Data provided –
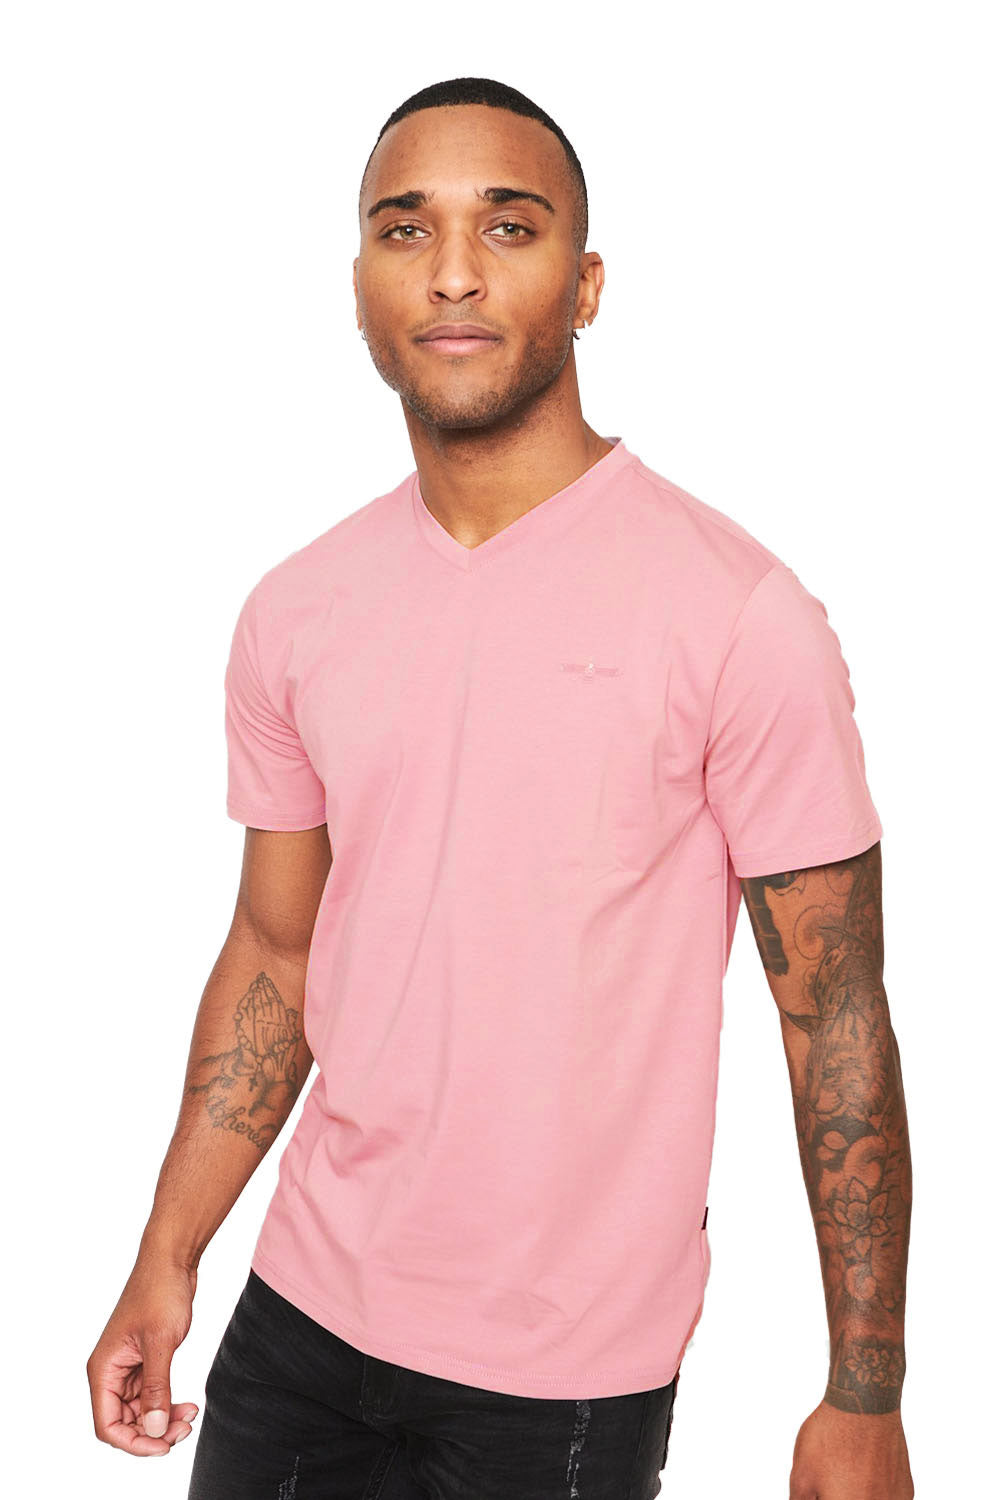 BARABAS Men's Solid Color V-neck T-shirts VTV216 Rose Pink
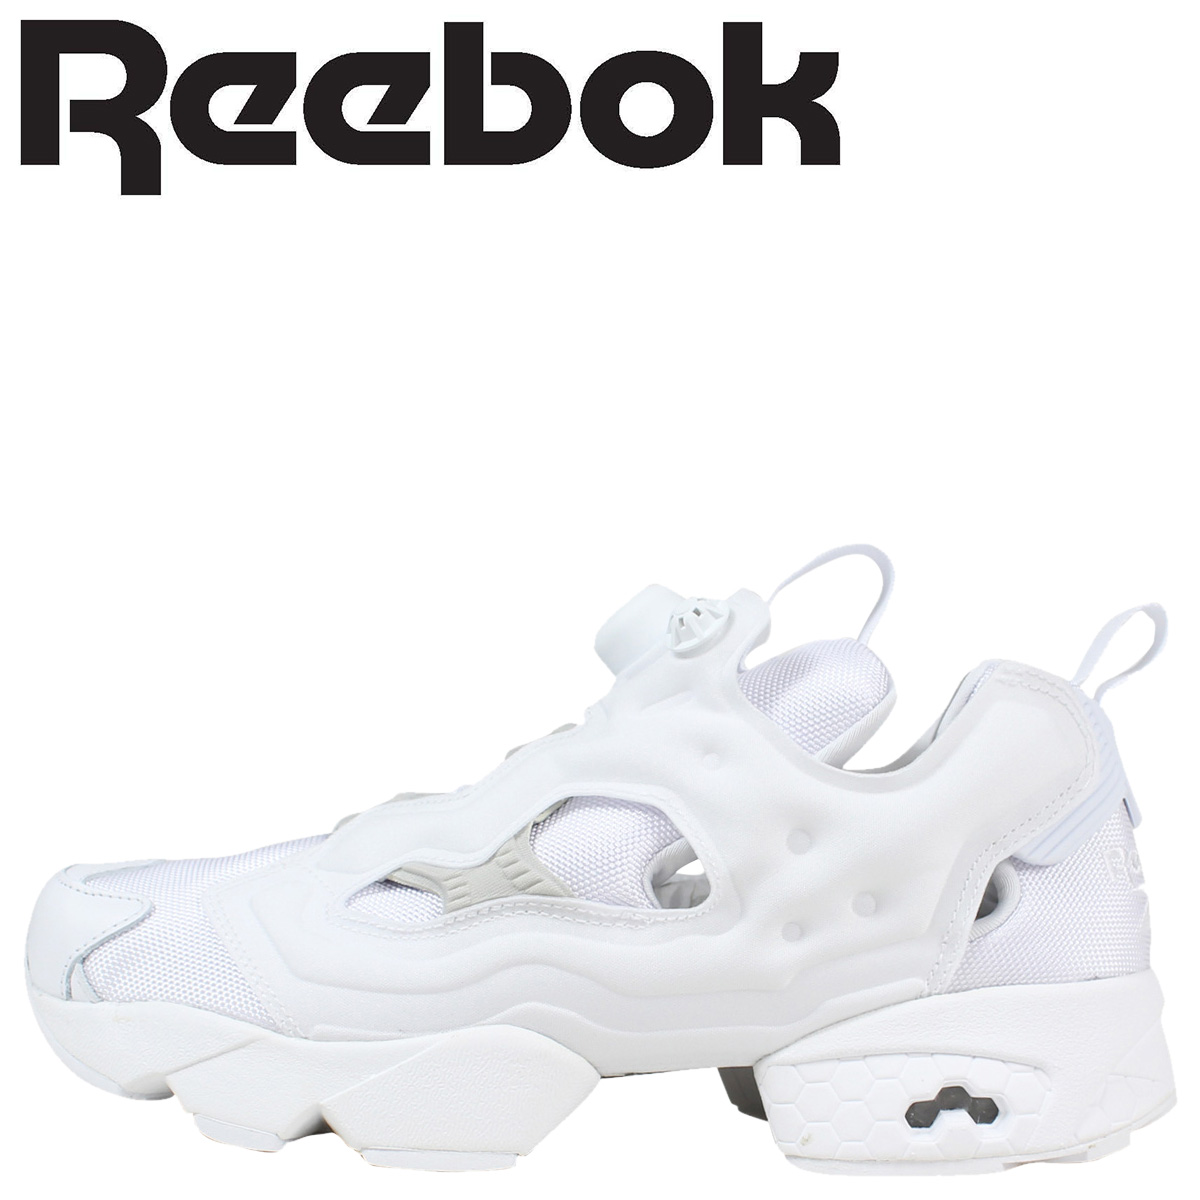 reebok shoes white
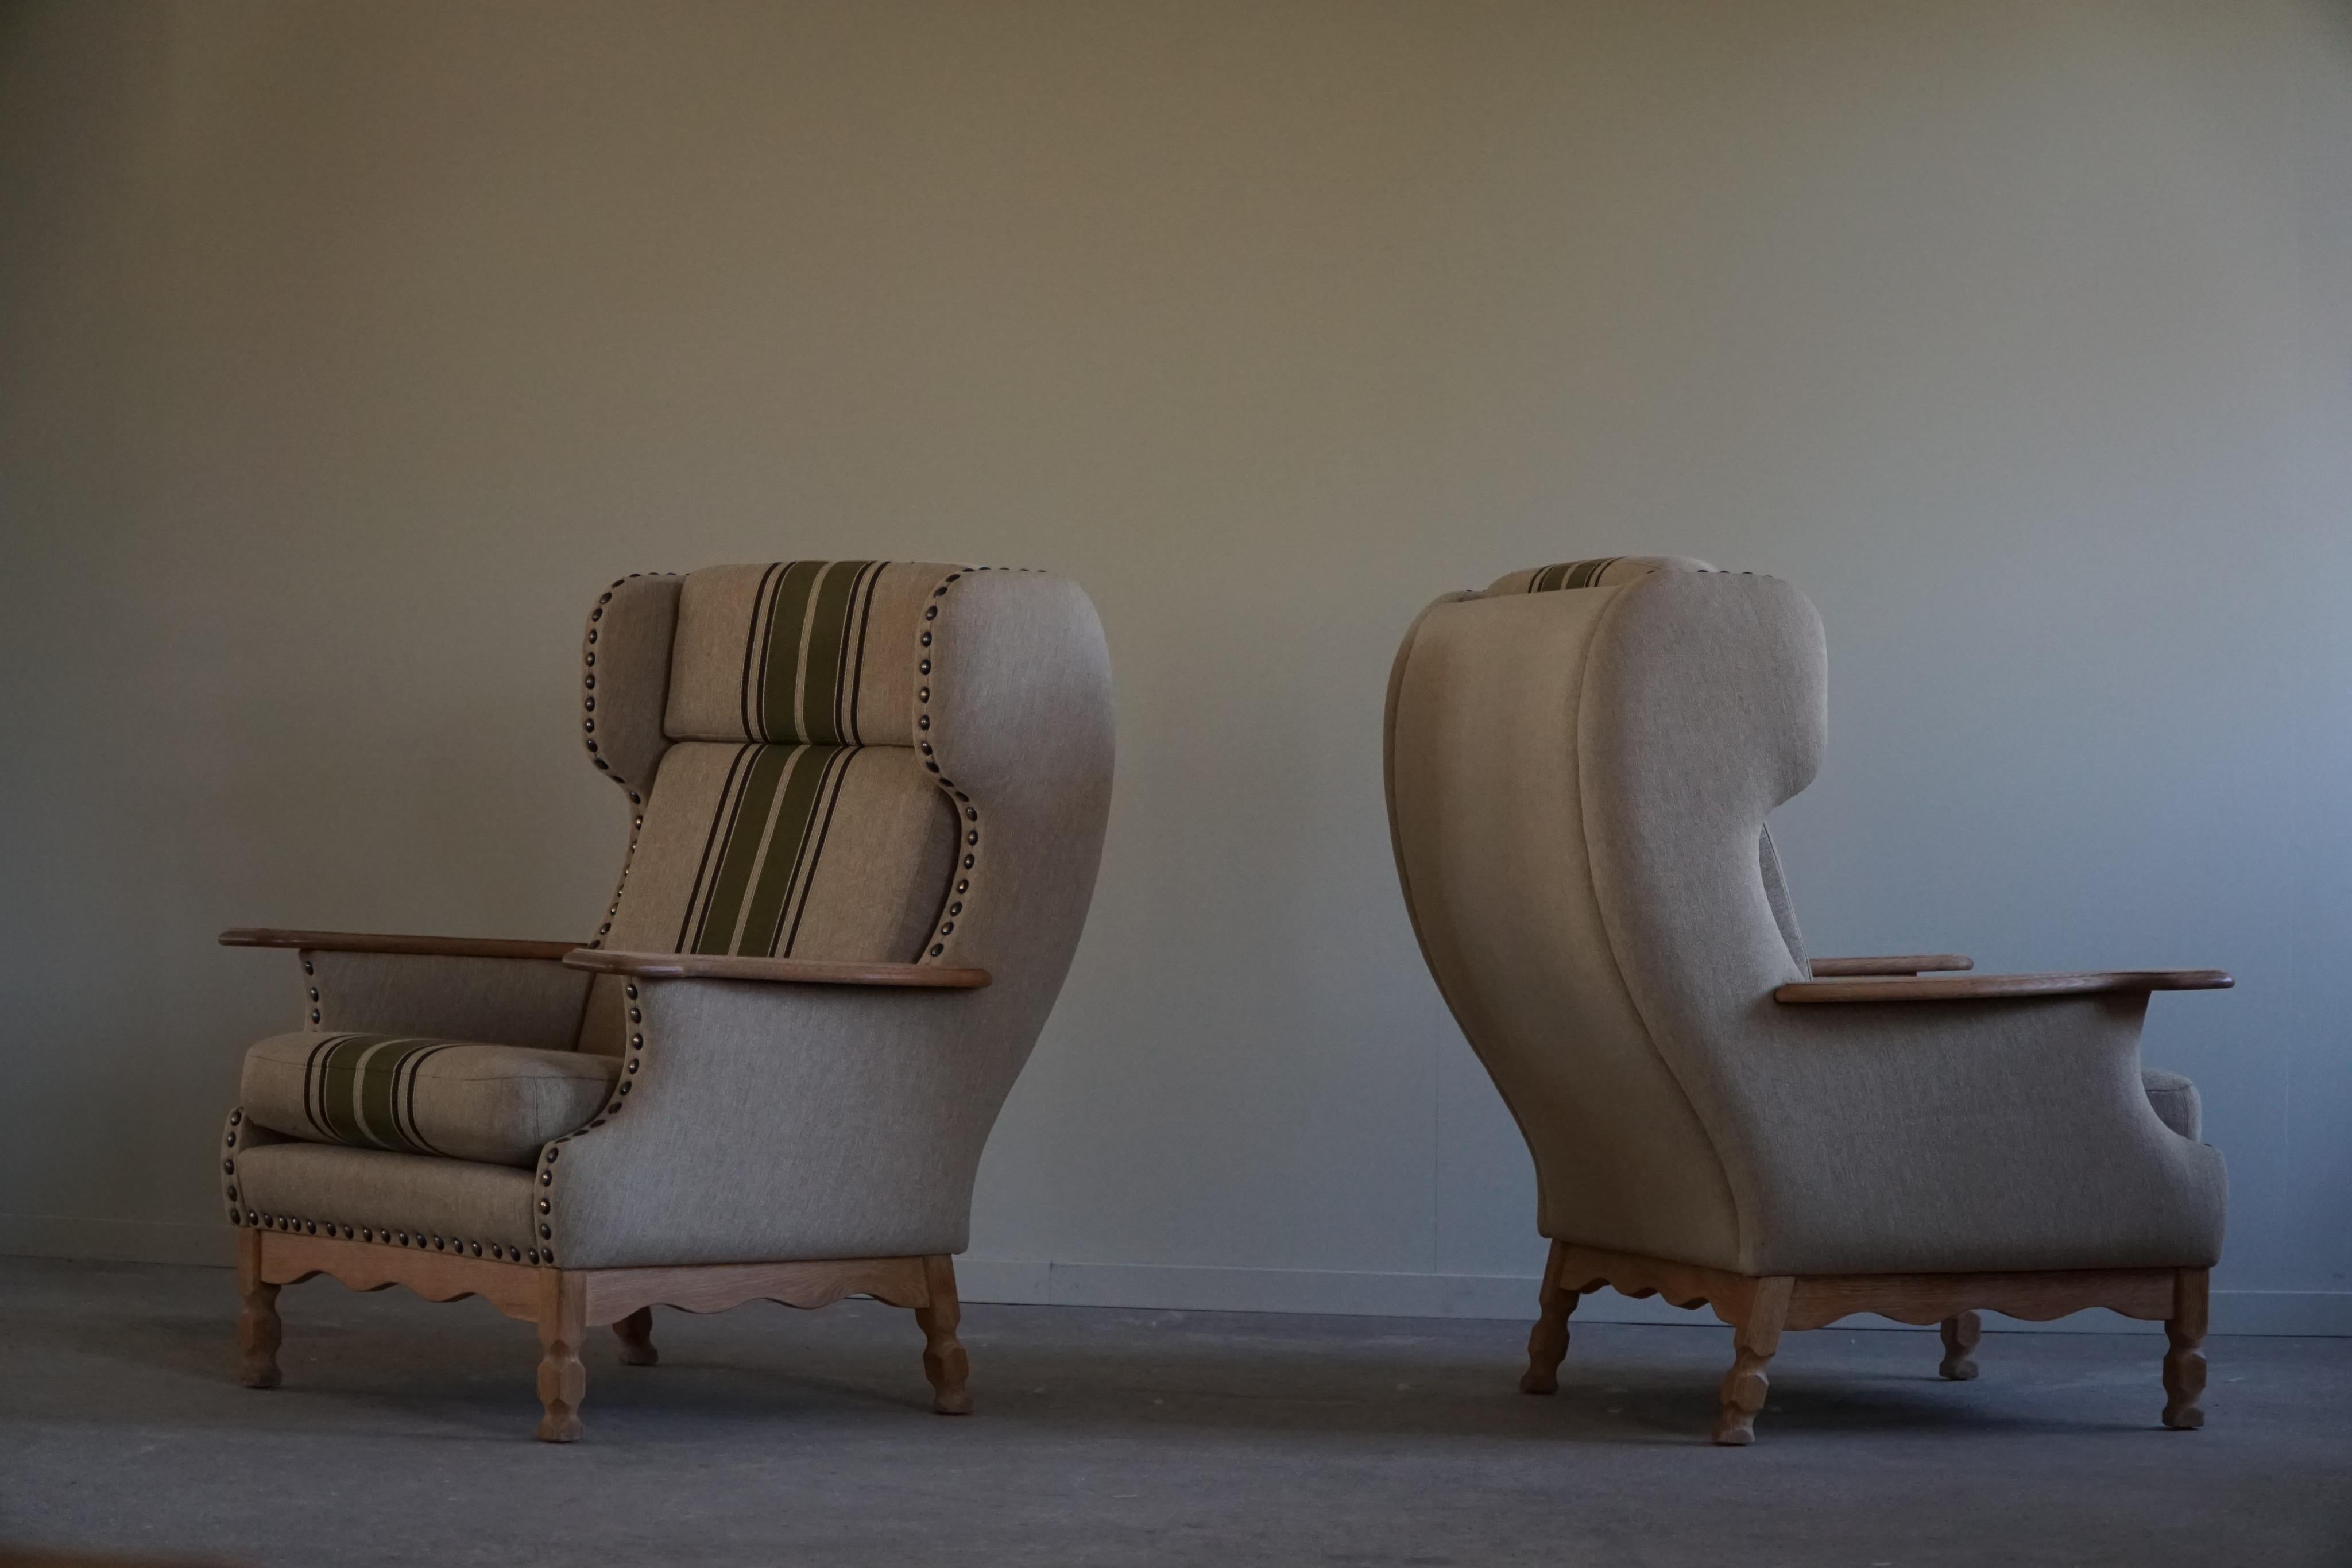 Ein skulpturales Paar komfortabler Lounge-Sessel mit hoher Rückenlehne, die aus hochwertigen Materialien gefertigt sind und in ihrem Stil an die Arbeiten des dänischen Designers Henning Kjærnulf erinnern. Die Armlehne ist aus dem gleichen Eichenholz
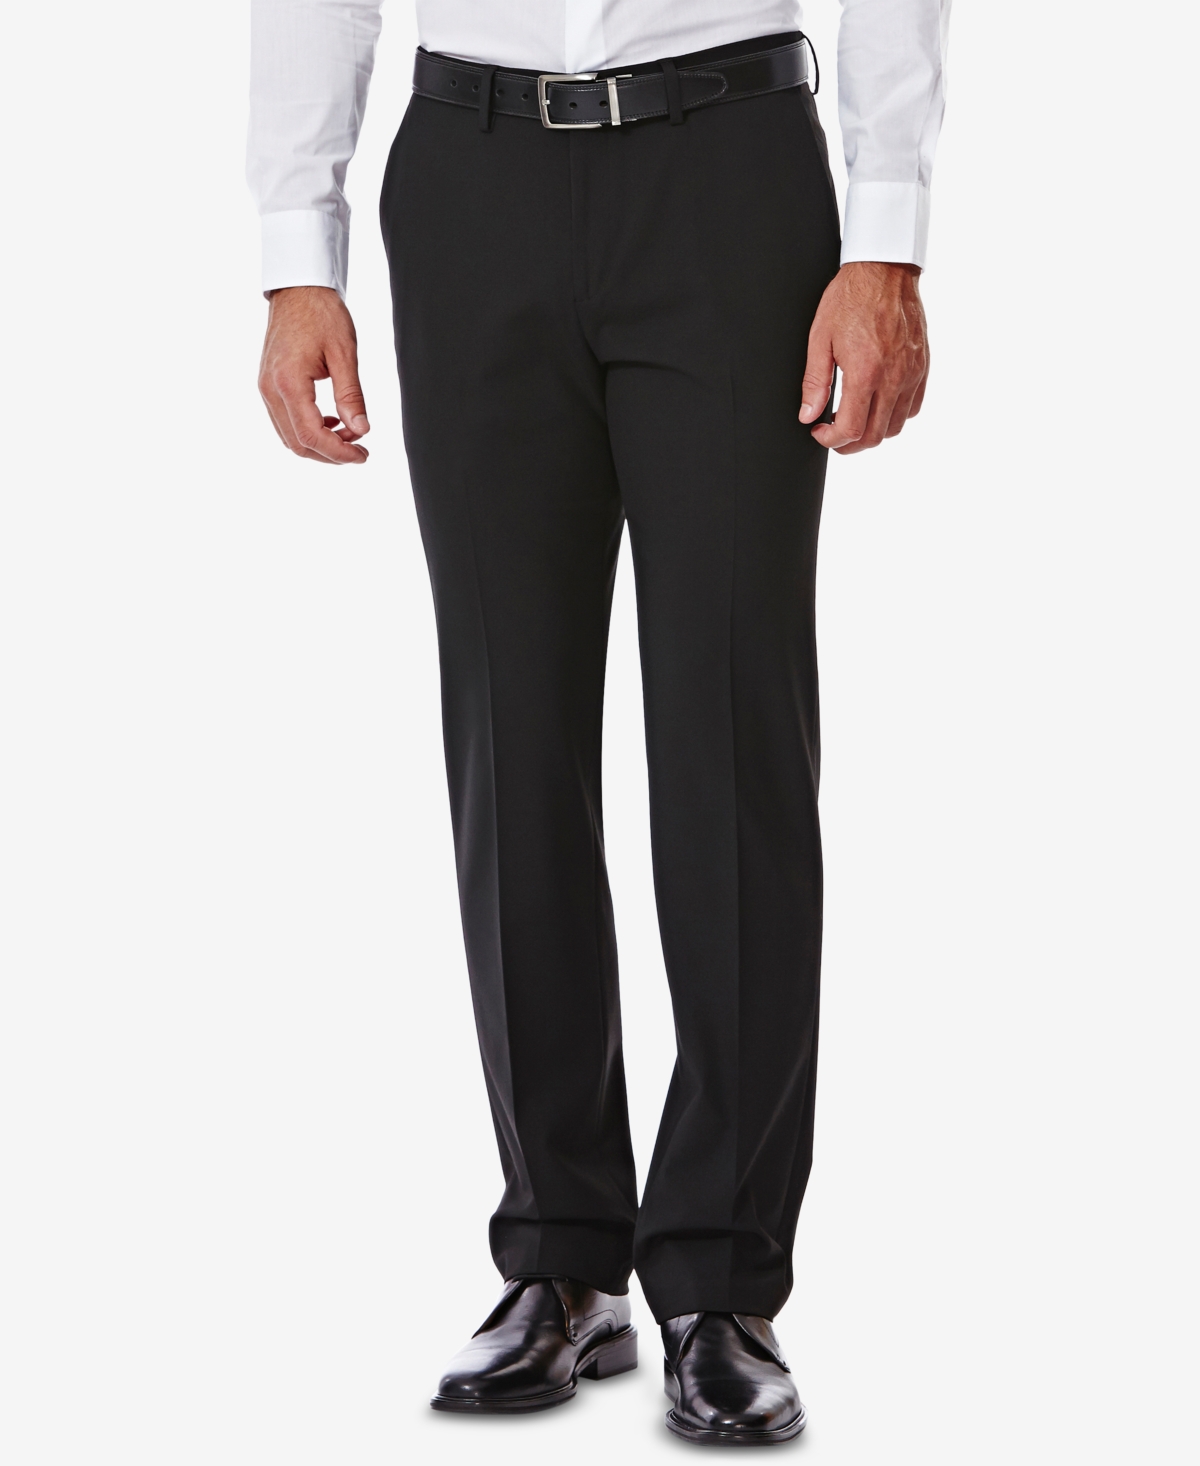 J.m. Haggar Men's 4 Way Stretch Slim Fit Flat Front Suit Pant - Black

Problem statement – Copy the preceding data in full and word for word, dropping its pictures.

Result of the task –
 BARABAS Men's Solid Color V-neck T-shirts VTV216 Rose Pink
 reebok shoes white
 Ein skulpturales Paar komfortabler Lounge-Sessel mit hoher Rückenlehne, die aus hochwertigen Materialien gefertigt sind und in ihrem Stil an die Arbeiten des dänischen Designers Henning Kjærnulf erinnern. Die Armlehne ist aus dem gleichen Eichenholz
 J.m. Haggar Men's 4 Way Stretch Slim Fit Flat Front Suit Pant - Black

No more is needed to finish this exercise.